Periglacial environments and permafrost; the processes of freeze-thaw, frost heave, solifluction and nivation; periglacial landforms; and the fragility and management of cold environments.

What this dot point is asking

AQA section 3.1.4 wants you to explain periglacial environments and permafrost, the frost-driven processes that operate (freeze-thaw, frost heave, solifluction, nivation), the distinctive landforms they produce, and the fragility and management of cold environments under development pressure and climate change. Periglacial means "near-glacial": cold but not ice-covered.

Permafrost and the active layer

The key control is that the frozen permafrost is impermeable: when the active layer thaws, meltwater cannot drain downwards, so the surface becomes waterlogged, weak and mobile. This sets up the distinctive periglacial processes.

Periglacial processes

• Freeze-thaw (frost shattering): water in rock joints freezes, expands by about 9 percent and prises the rock apart, producing angular debris (scree, blockfields).
• Frost heave: repeated freezing lifts stones towards the surface and sorts them by size.
• Ground-ice growth: water freezing in the soil expands and deforms the surface, raising pingos and forming ice wedges in frost cracks.
• Solifluction: the saturated active layer flows slowly downslope over the frozen, impermeable permafrost.
• Nivation: a mix of freeze-thaw, frost heave and meltwater action beneath and around a snow patch that hollows out the ground.

Periglacial landforms

The processes produce a distinctive landscape:

• Patterned ground: frost heave sorts stones into circles, polygons and stripes (downslope).
• Ice-wedge polygons: networks of frost cracks filled by ice wedges.
• Pingos: dome-shaped hills cored by ground ice, formed as water freezes and pushes the surface up.
• Solifluction lobes and head: tongues and sheets of debris that have flowed downslope, leaving smooth, gentle slopes.
• Blockfields (felsenmeer): spreads of angular frost-shattered rock on flat upland.
• Nivation hollows: shallow depressions beneath former snow patches, which can enlarge into corries.
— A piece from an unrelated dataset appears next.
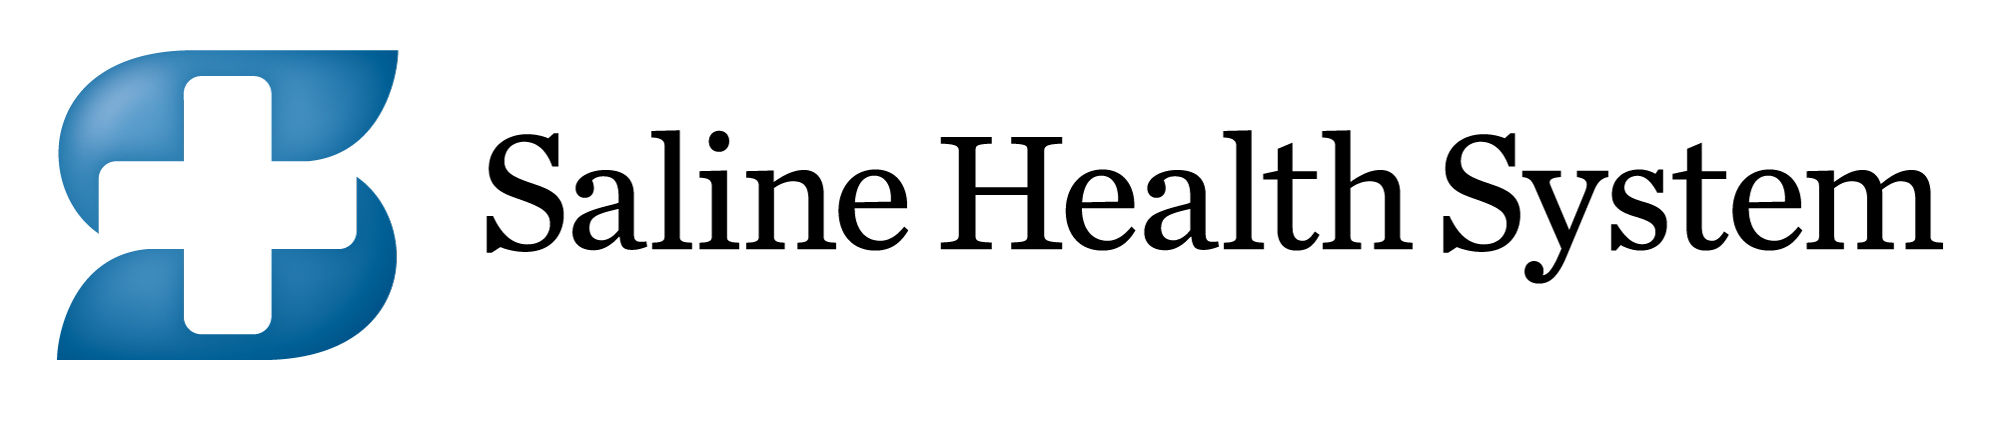 Saline Health System logo

Fragility and management of cold environments

Cold environments are fragile: ecosystems recover slowly, soils are thin, and disturbing the surface or warming the ground melts the permafrost, causing subsidence. Development pressure comes from oil, gas and mineral resources (Alaskan North Slope, Siberia), which raises conflict between economic value and conservation. Climate change intensifies the problem: thawing permafrost destabilises infrastructure and releases methane, a positive feedback. Management uses engineering (piling buildings and pipelines on stilts and insulating them to keep the ground frozen, as on the Trans-Alaska pipeline) and regulation (protected areas, environmental assessment, restricting the season and footprint of activity).

Try this

Q1. Define permafrost and the active layer. [2 marks]

• Cue. Permafrost is ground frozen for two or more consecutive years; the active layer is the surface that thaws in summer and refreezes in winter.

Q2. Explain how a pingo forms. [3 marks]

• Cue. Water collecting in the ground freezes and expands, forcing the overlying surface up into a dome-shaped, ice-cored hill.

Q3. Explain one challenge of building on permafrost. [3 marks]

• Cue. Heated buildings thaw the ground beneath, deepening the active layer and causing subsidence; this is managed by raising structures on insulated piles.